> _WHAT THIS TASK INVOLVES_
Leave the pictures out and reproduce, exactly, the lines from the one with "Energielabel Hemsterhuisstraat 30 Den Haag" through the end of the entries below.

> _Stored items from a collection_
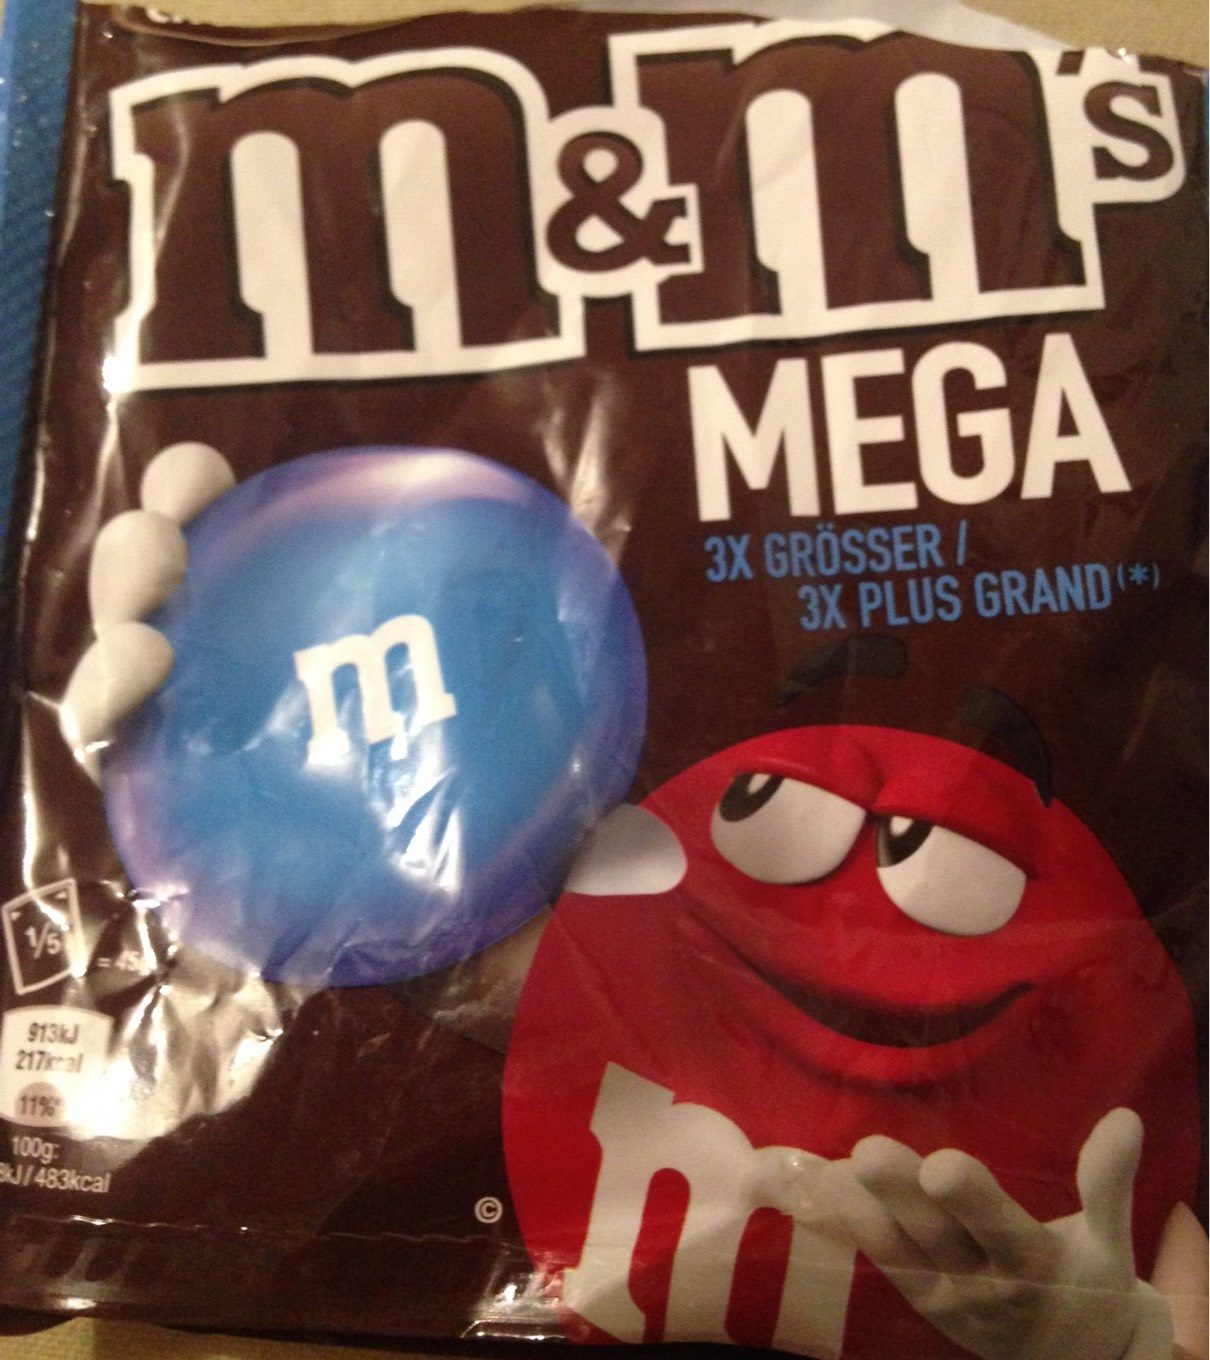 M &M'S Mega - Tableau nutritionnel
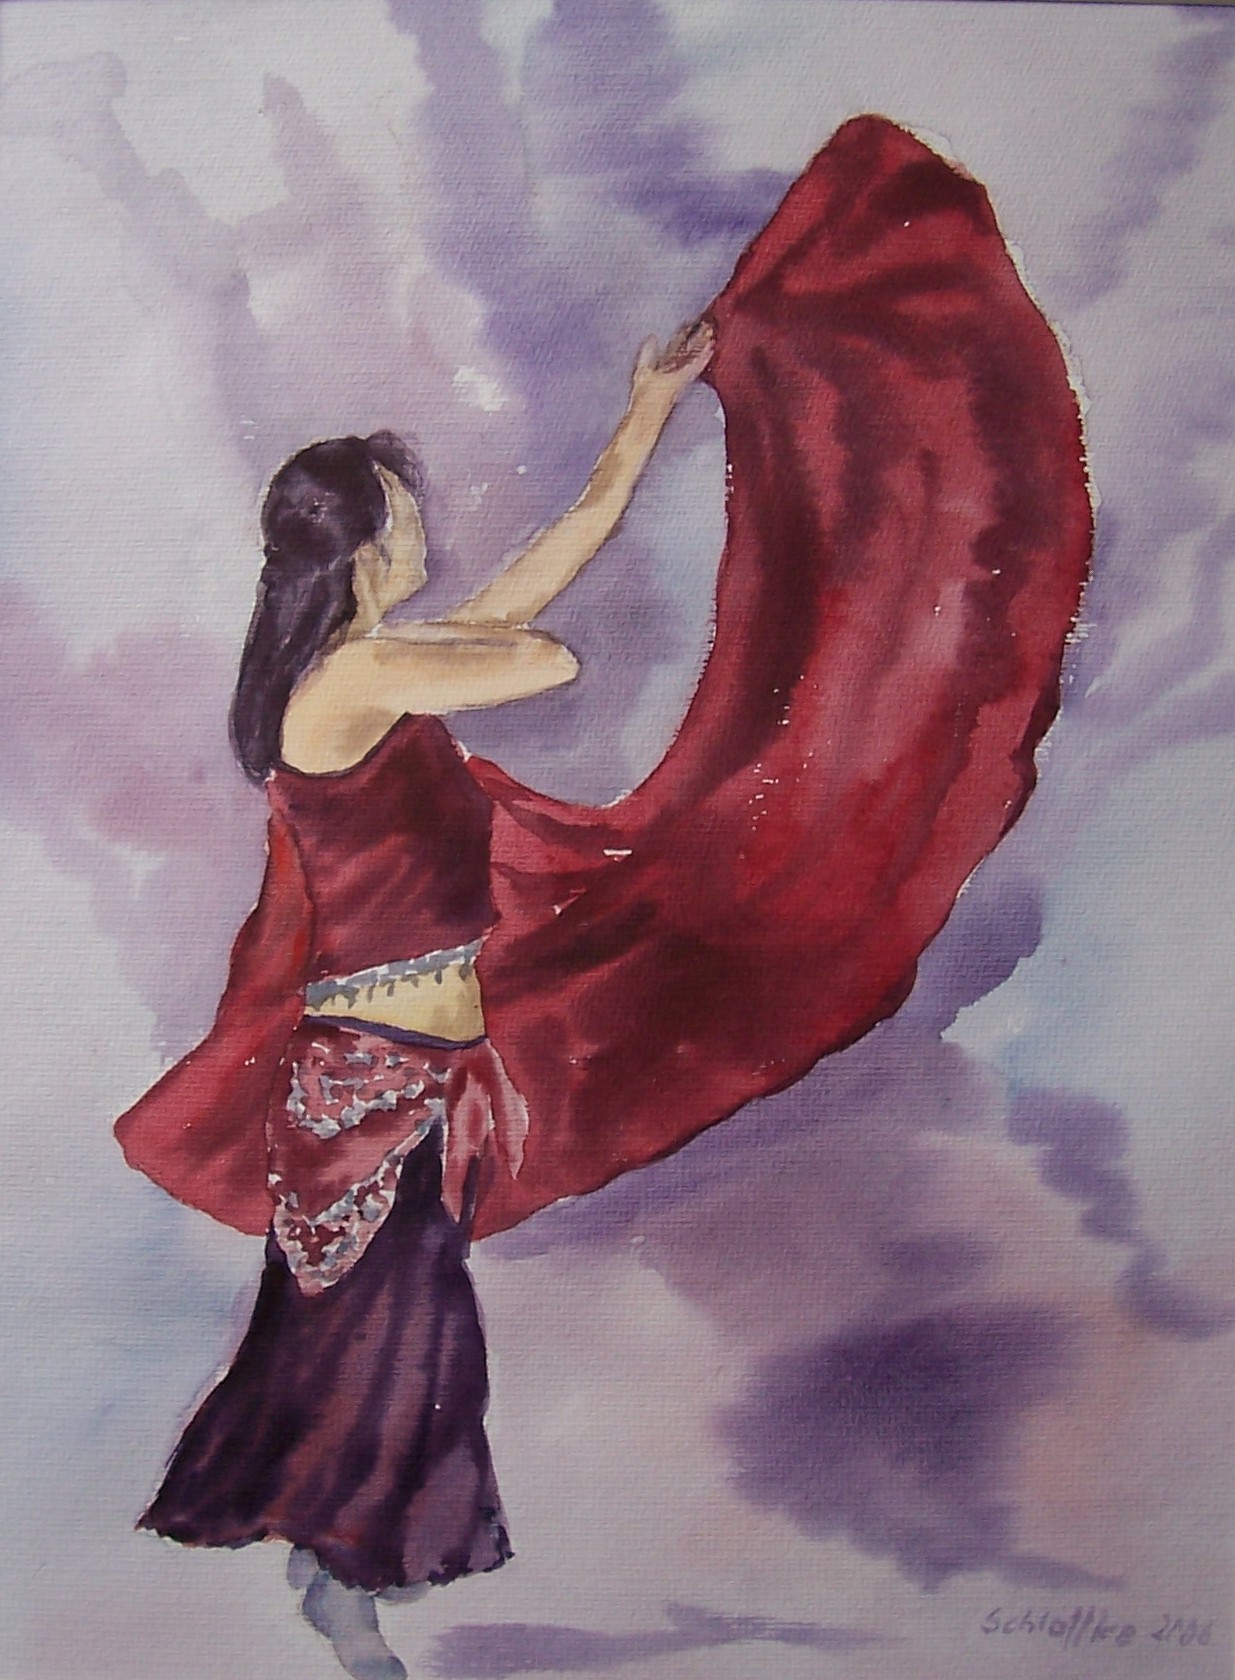 Orientalische Tänzerin mit rotem Schleier in Bewegung seitlich gesehen, gemalt mit Aquarellfarben im Jahr 2006
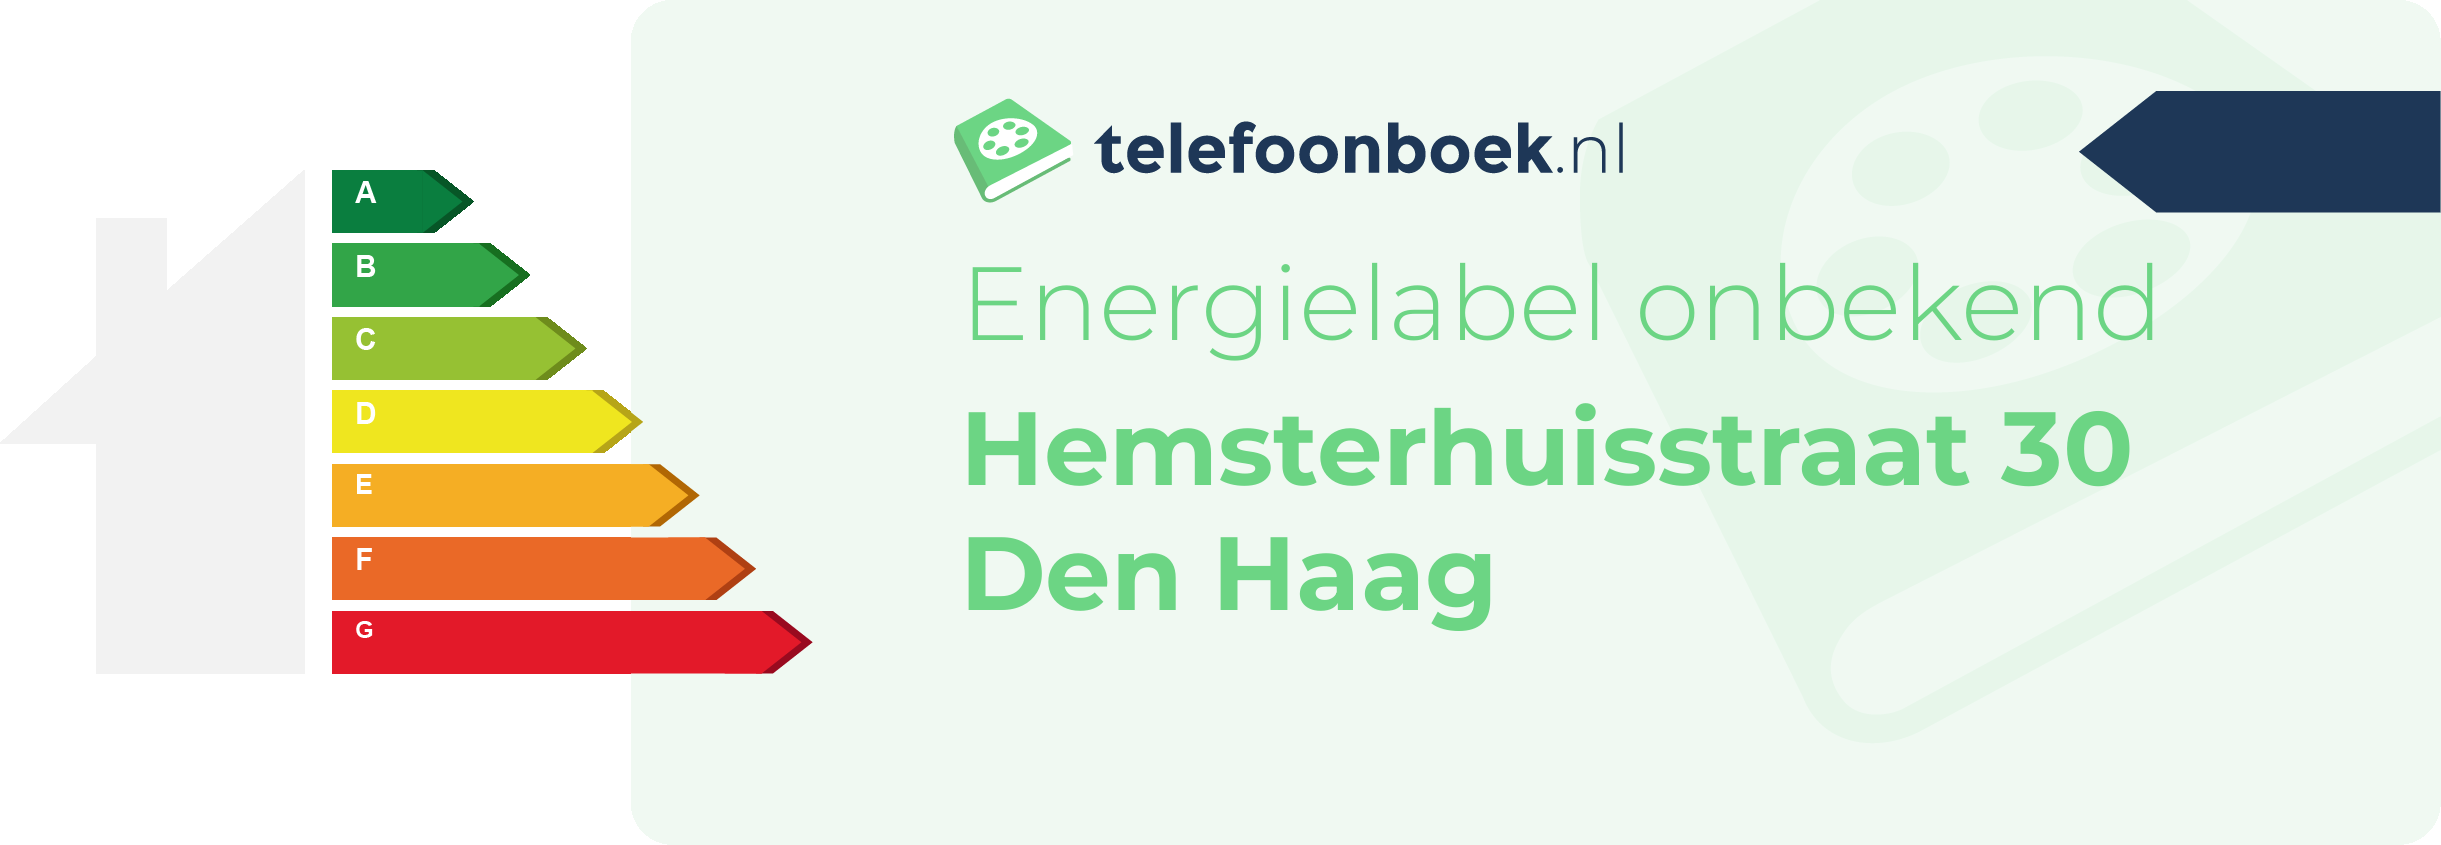 Energielabel Hemsterhuisstraat 30 Den Haag
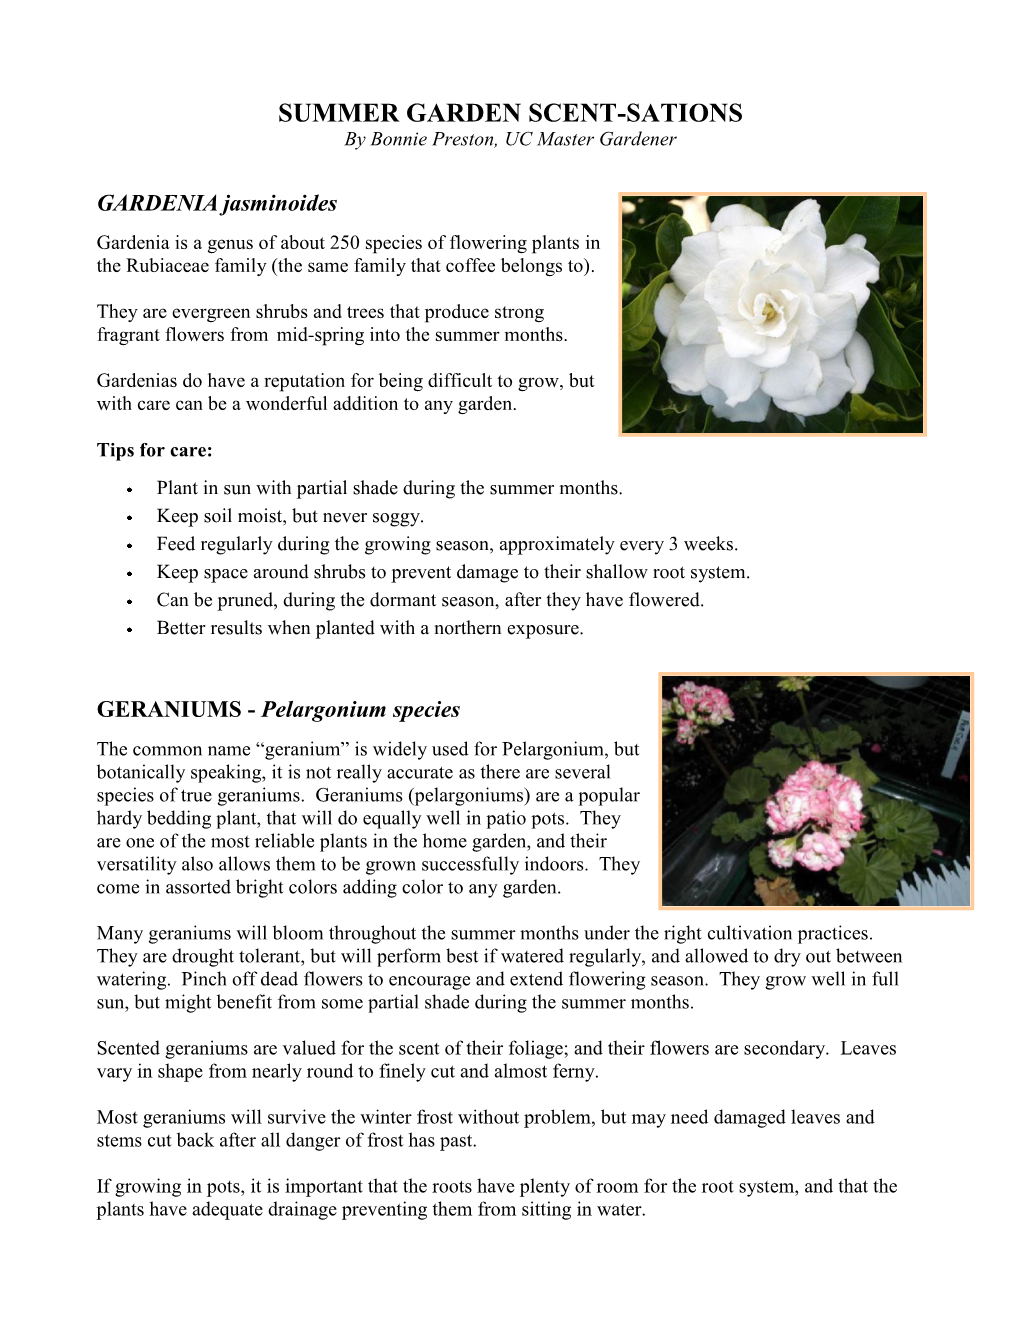 SUMMER GARDEN SCENT-SATIONS by Bonnie Preston, UC Master Gardener
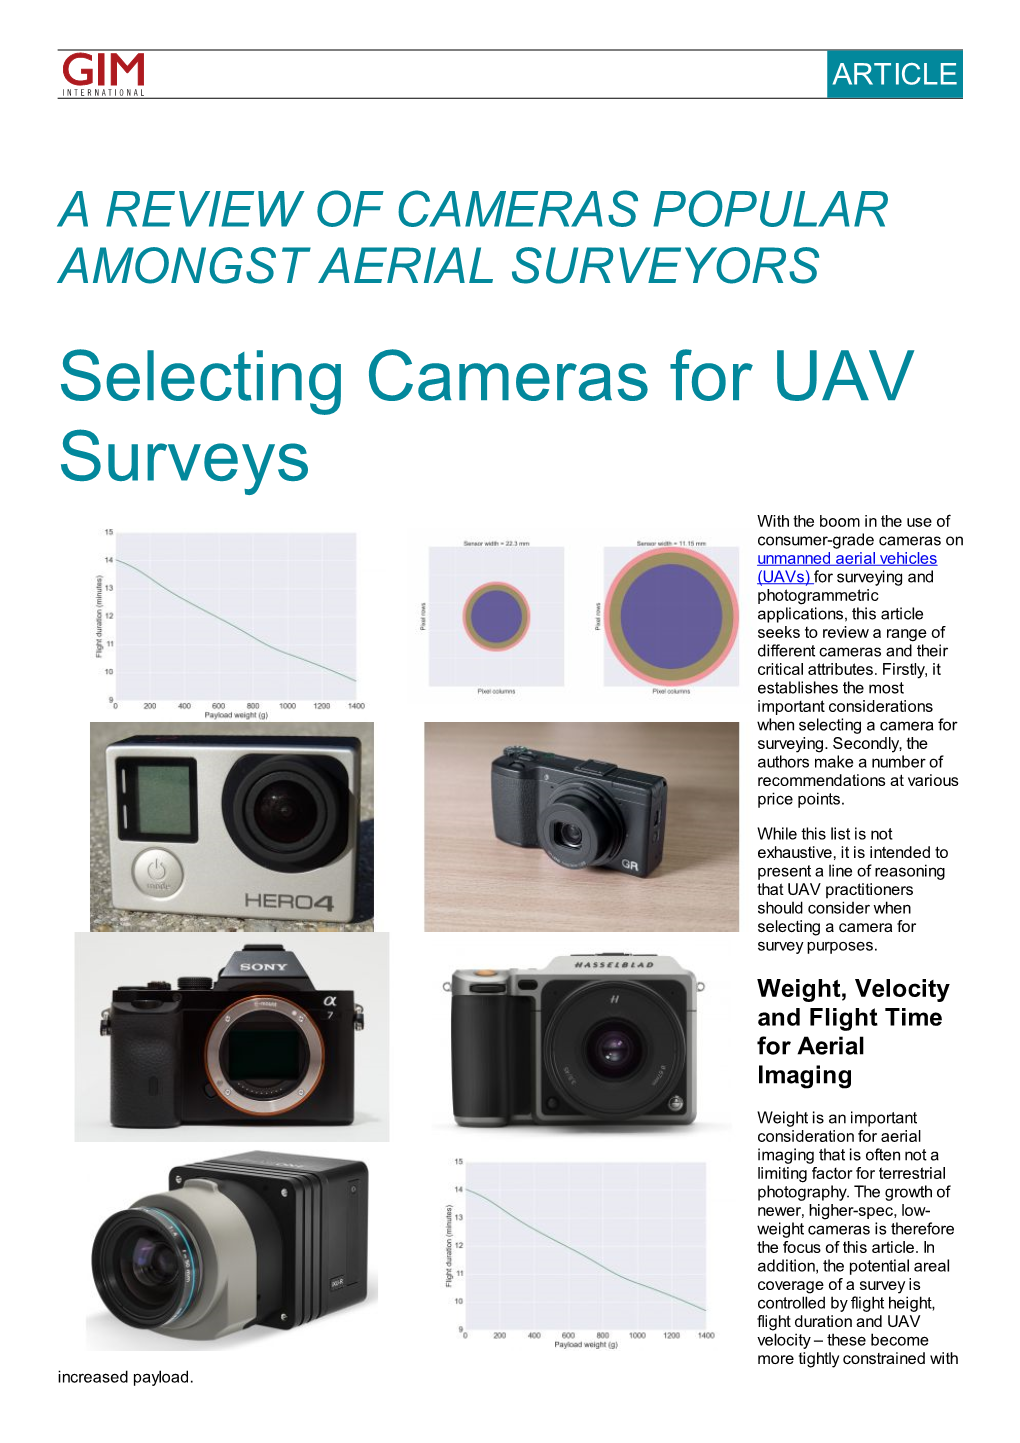 Selecting Cameras for UAV Surveys

> _OUTPUT BELOW_
 Energielabel Hemsterhuisstraat 30 Den Haag
 SUMMER GARDEN SCENT-SATIONS by Bonnie Preston, UC Master Gardener
 Selecting Cameras for UAV Surveys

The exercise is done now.